(Stored entries)
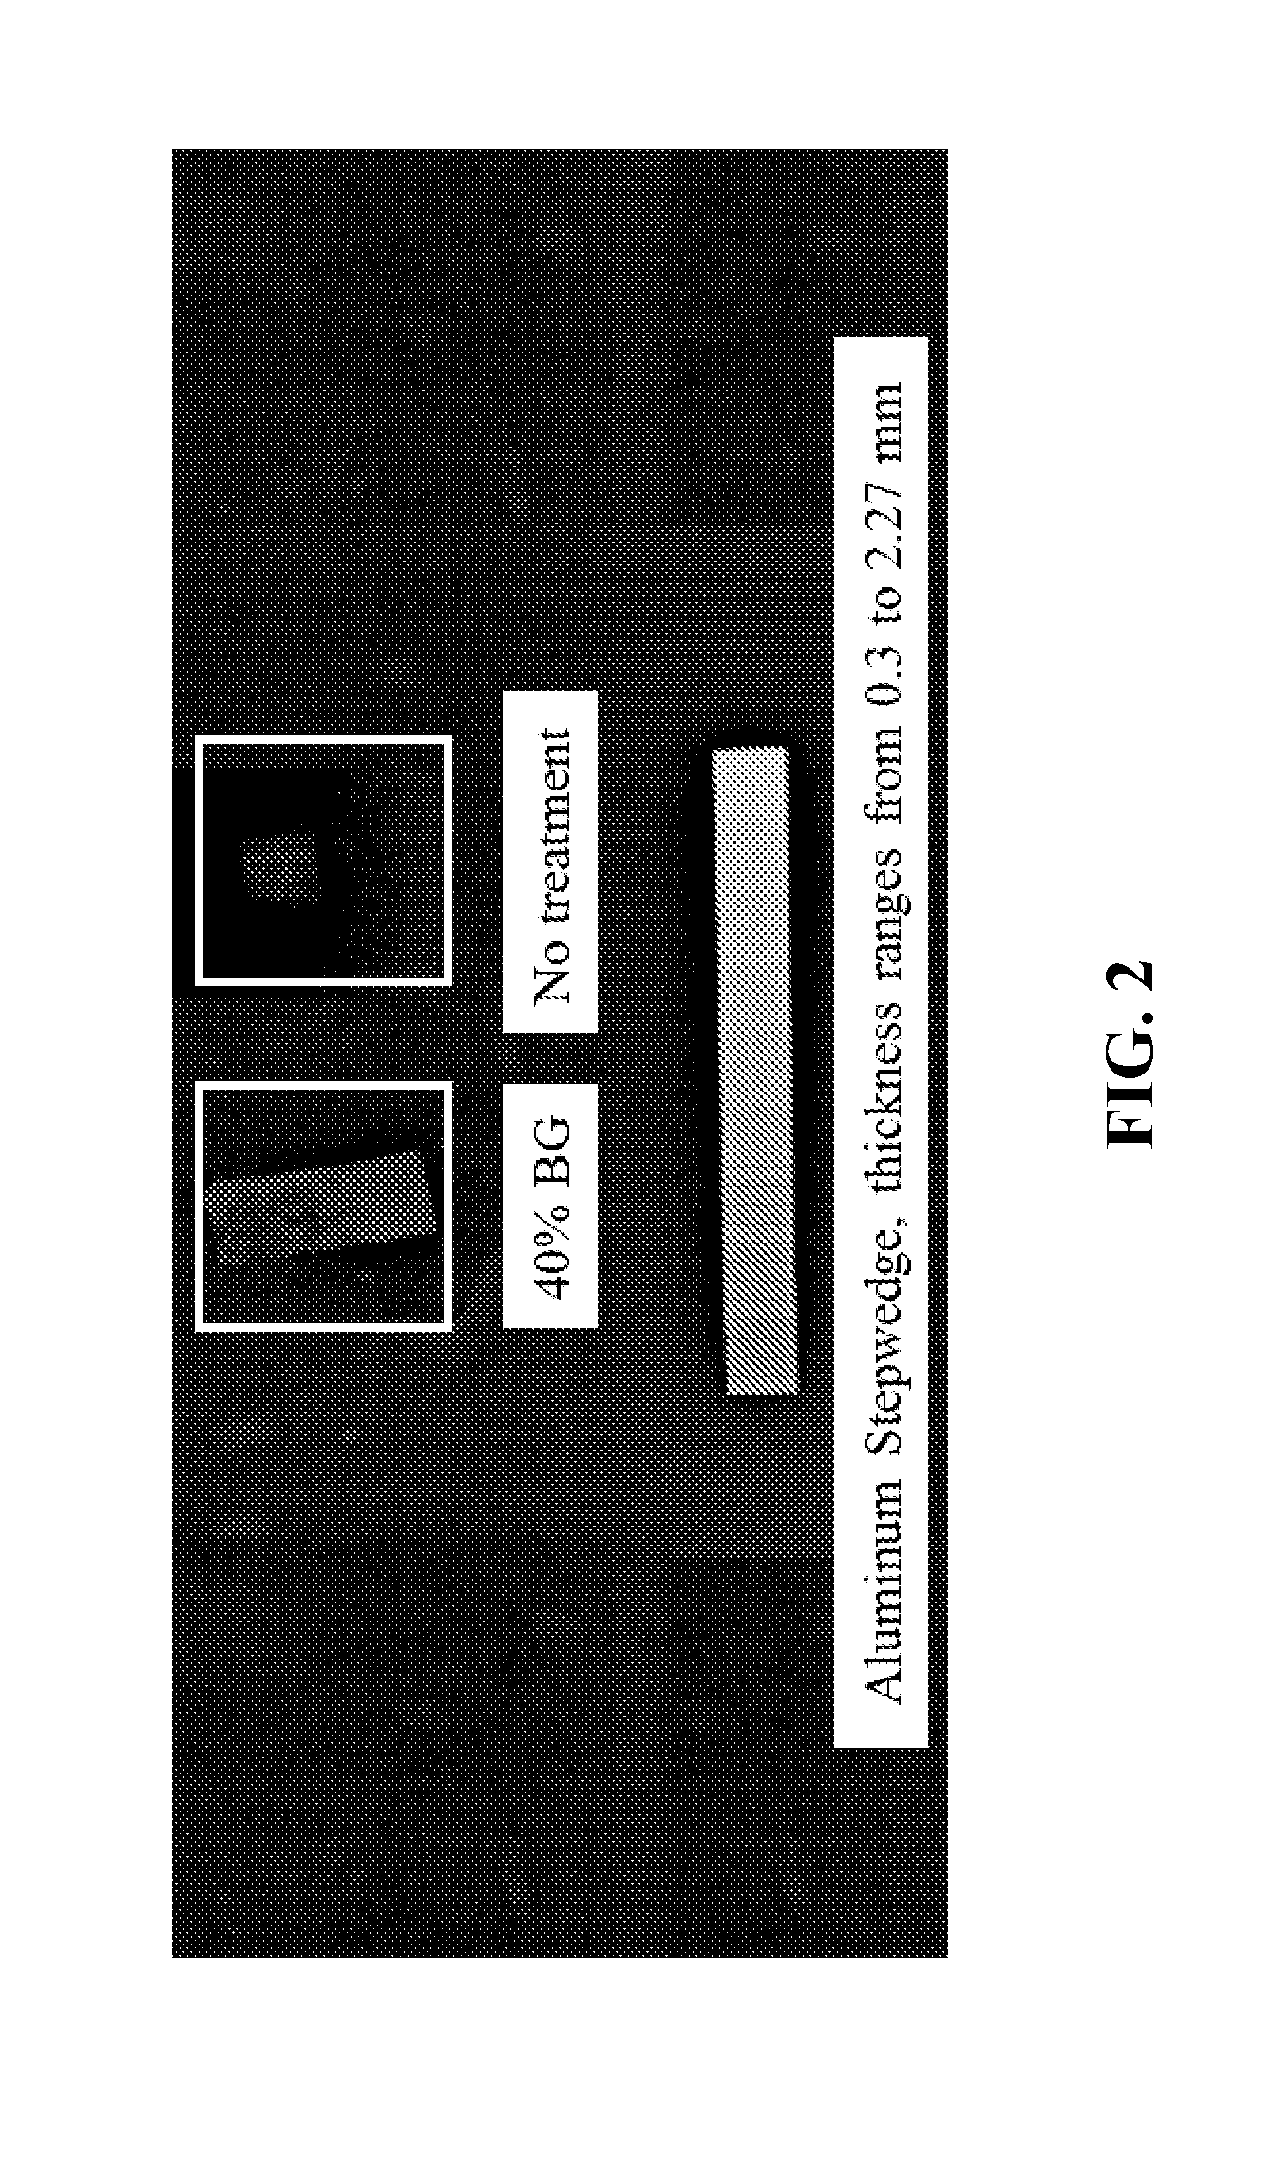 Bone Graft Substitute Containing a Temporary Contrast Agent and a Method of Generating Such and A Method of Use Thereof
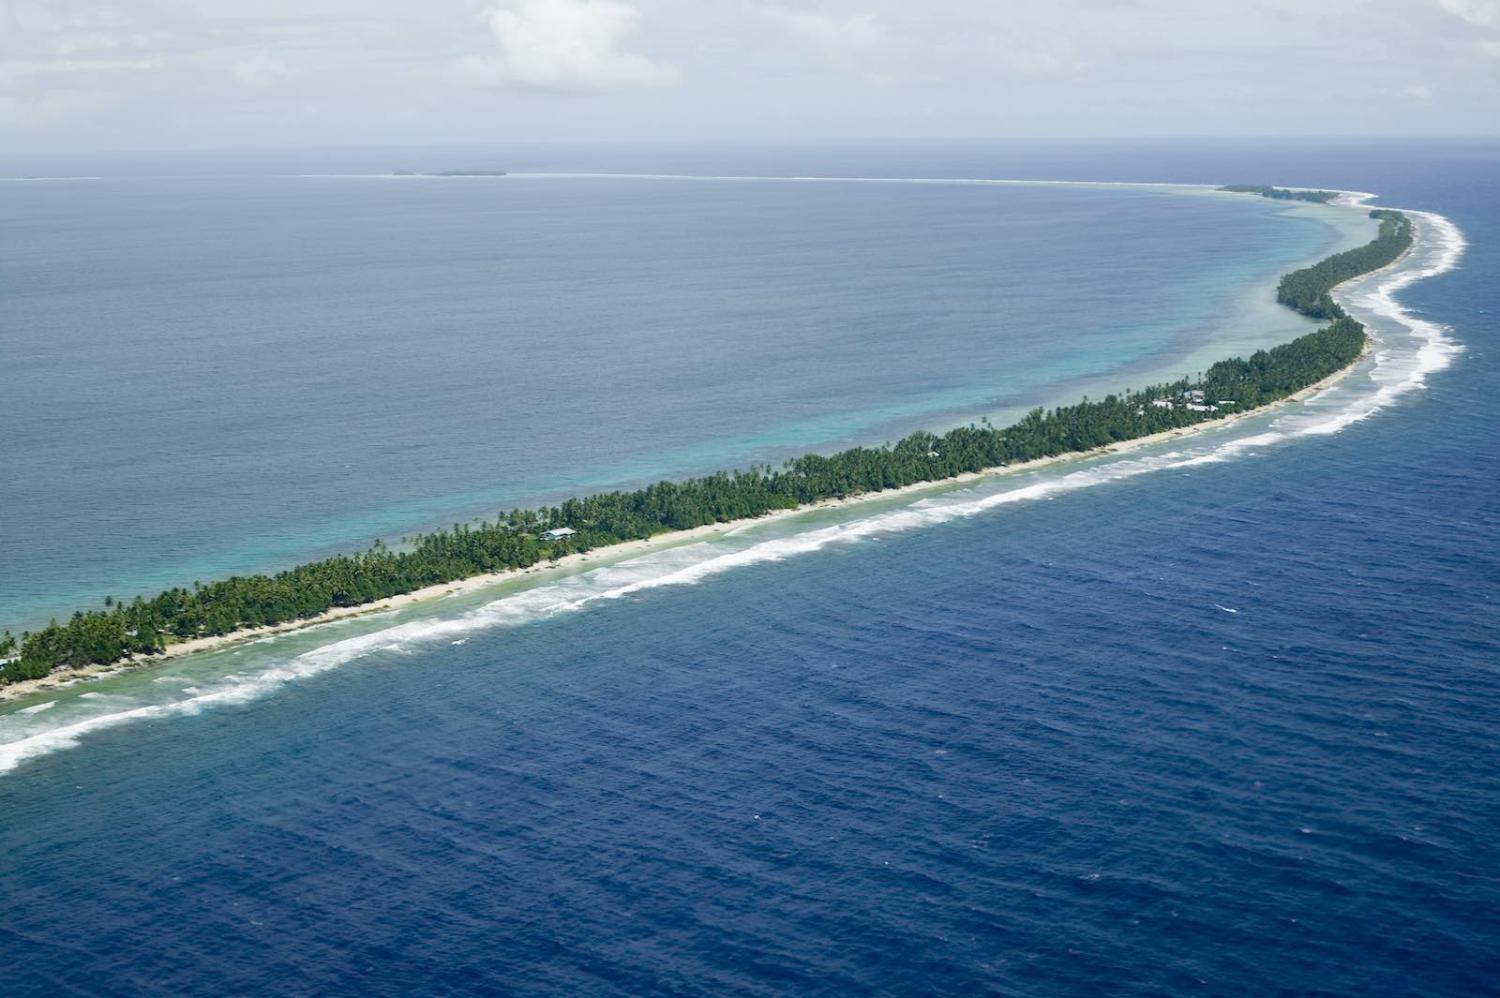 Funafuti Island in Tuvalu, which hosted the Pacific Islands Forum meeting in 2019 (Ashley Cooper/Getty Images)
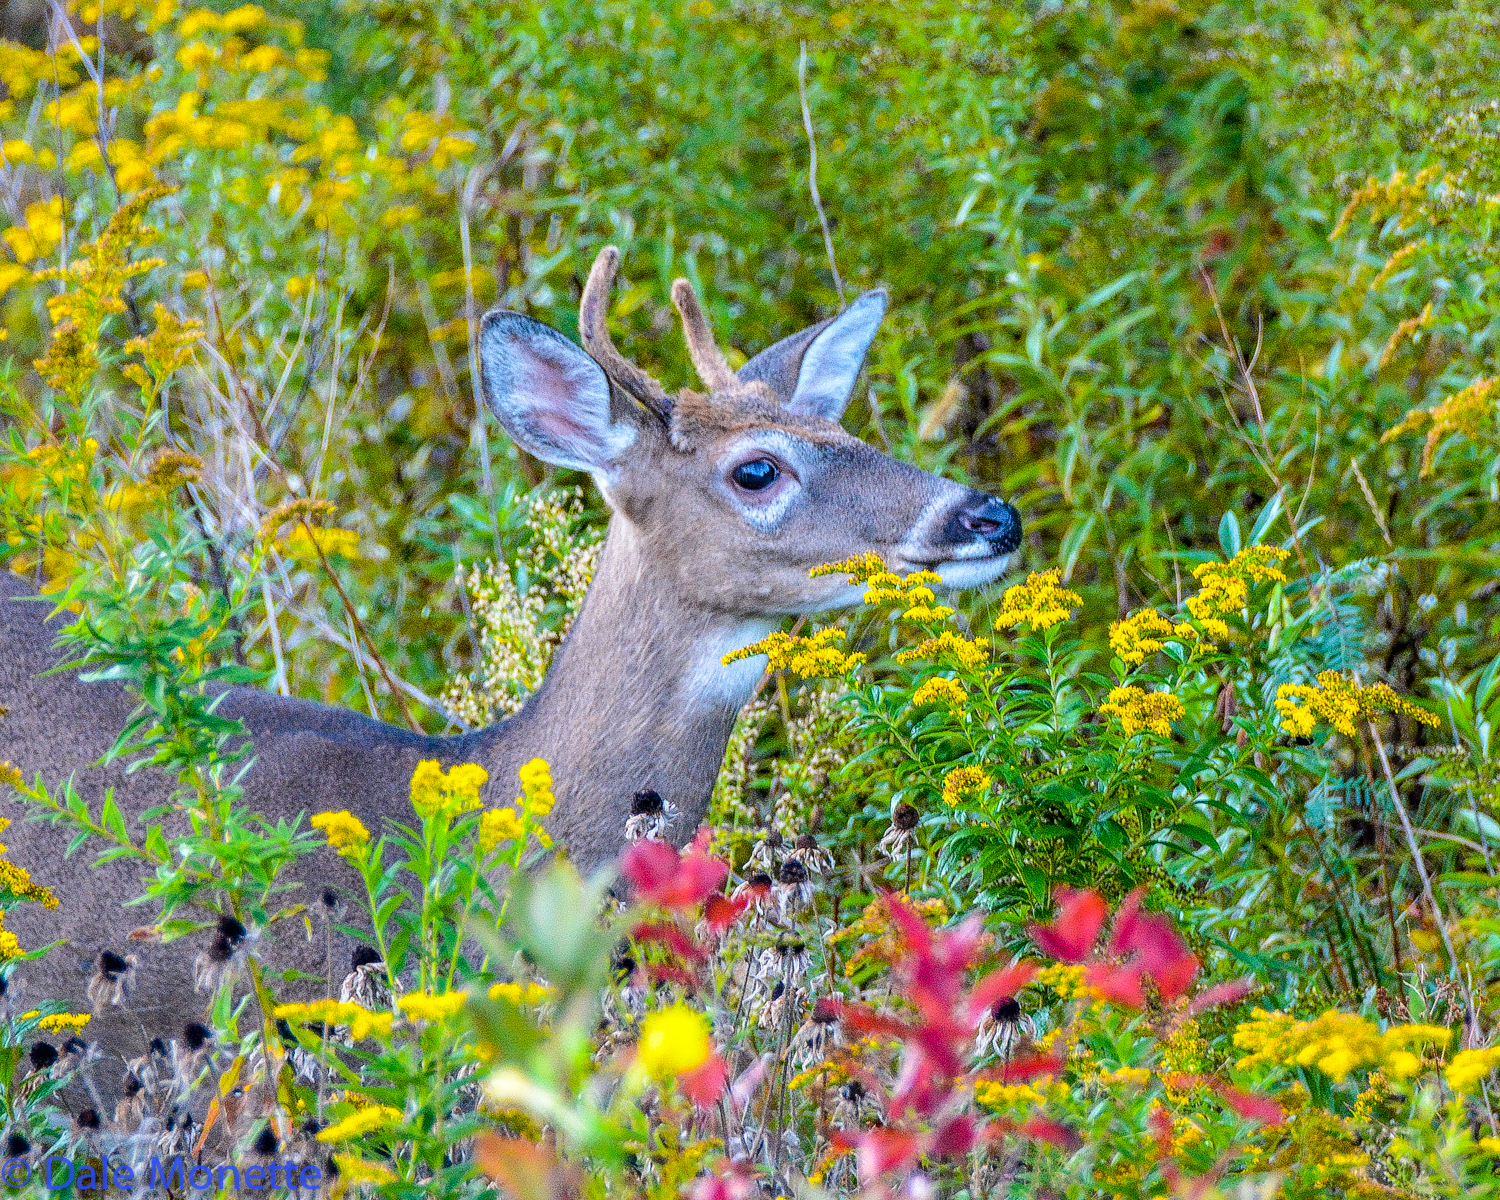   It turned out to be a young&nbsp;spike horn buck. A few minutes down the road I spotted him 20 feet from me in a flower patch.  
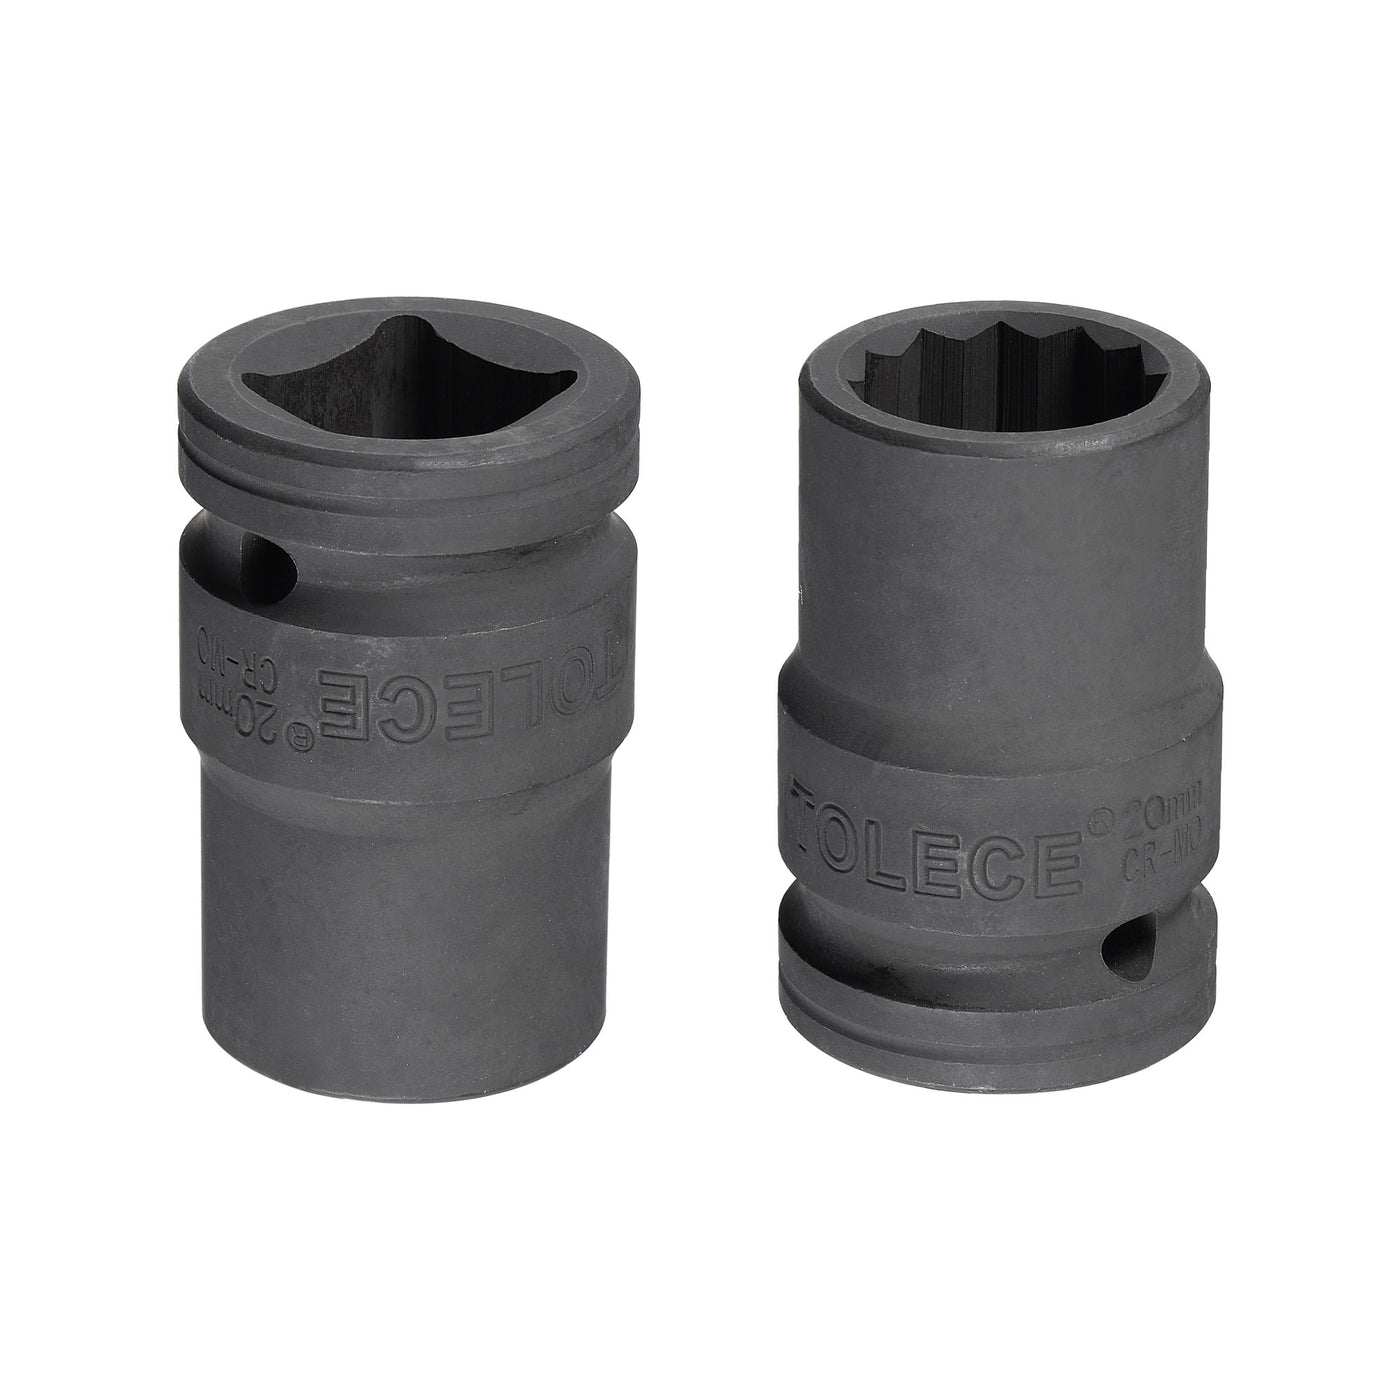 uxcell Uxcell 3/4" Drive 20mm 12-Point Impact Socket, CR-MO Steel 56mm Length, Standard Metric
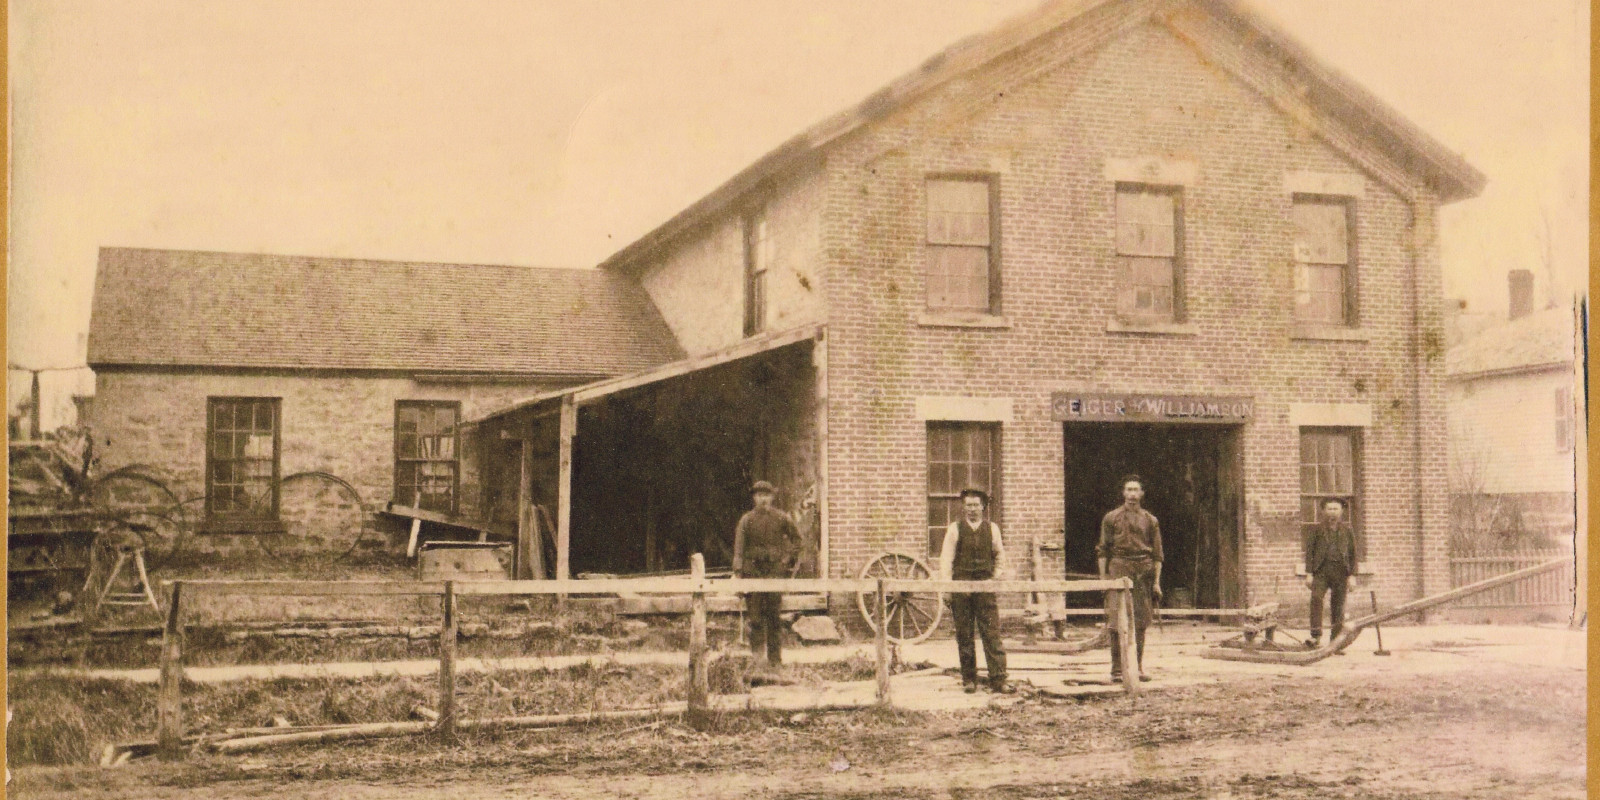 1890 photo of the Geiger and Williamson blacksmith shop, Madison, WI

WHAT YOU HAVE TO DO
Leaving out the pictures, return exactly the lines from the one that contains "It turned out" through the last line of the records above, inclusive.

SOLVED EXERCISE
   It turned out to be a young&nbsp;spike horn buck. A few minutes down the road I spotted him 20 feet from me in a flower patch.  
 uxcell Uxcell 3/4" Drive 20mm 12-Point Impact Socket, CR-MO Steel 56mm Length, Standard Metric
 1890 photo of the Geiger and Williamson blacksmith shop, Madison, WI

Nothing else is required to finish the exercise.